When a mother returns to work full-time, she won't get the same pay as her male peers because she's been "out of work" for several years and so her skills are allegedly out-of-date. Let's have a look at those skills.

She will have learned to manage tantruming toddlers and sulking teens. She will have managed budgets and purchasing for an age-diverse family, identifying and prioritising essentials to cope with limited funds. She will have planned and implemented the logistics required to get children to their after-school clubs and move infants around with the lorryload of stuff that babies seem to need. She will have learned time management skills to cope with children's unpredictability in terms of needing the loo or losing their homework just before they're due to leave. She will have learned proactive communication skills so that she doesn't get told an ingredients list for cookery class the night before the class, but instead she asked her DC for any ingredients before she did the weekly shop.
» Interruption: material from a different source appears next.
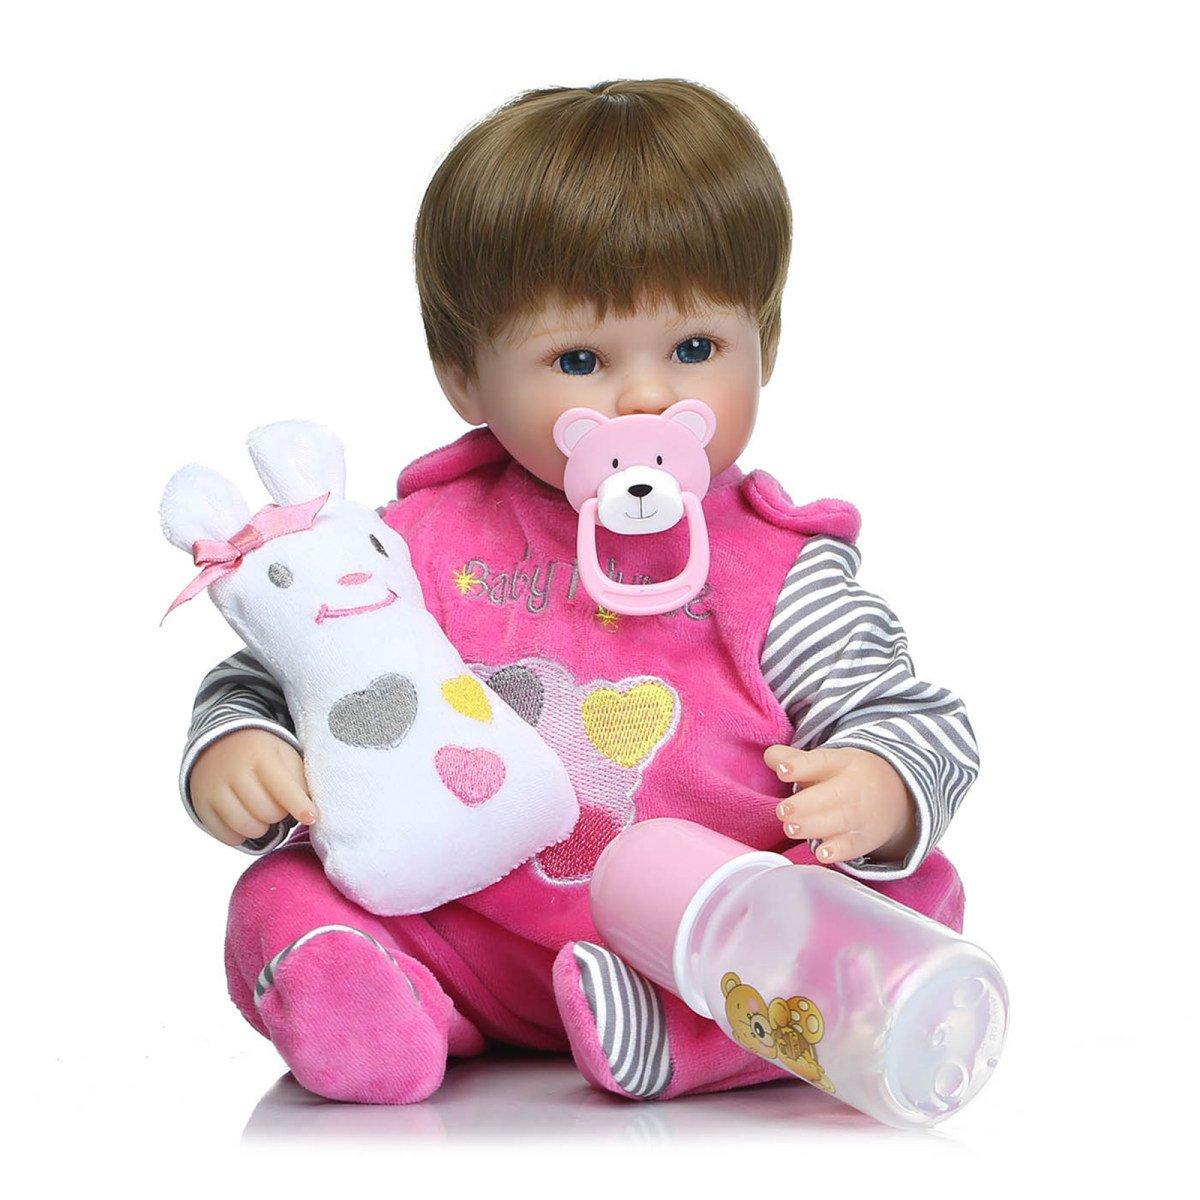 Silikon Vinyl Reborn Baby Puppen Handgemachte Lebensechte Realistische Baby Puppe Weiche Simulation 16 Zoll 42 Cm Augen öffnen Kinder Lieblings Geschenk

These skills would stand her in great stead working with many of the academics I have had the misfortune to work with, who tantrum, sulk, have no concept of how long work takes nor how much if will cost, and seem to think that their lack of planning constitutes my emergency.

Sadly, these skills are not regarded as relevant to the workplace, which is why they don't get recognition when negotiating returning mothers' salaries. If we valued motherhood, we'd value these skills learned and used in the home as much as we value them when learned and used in the workplace, and we'd pay returning mothers accordingly.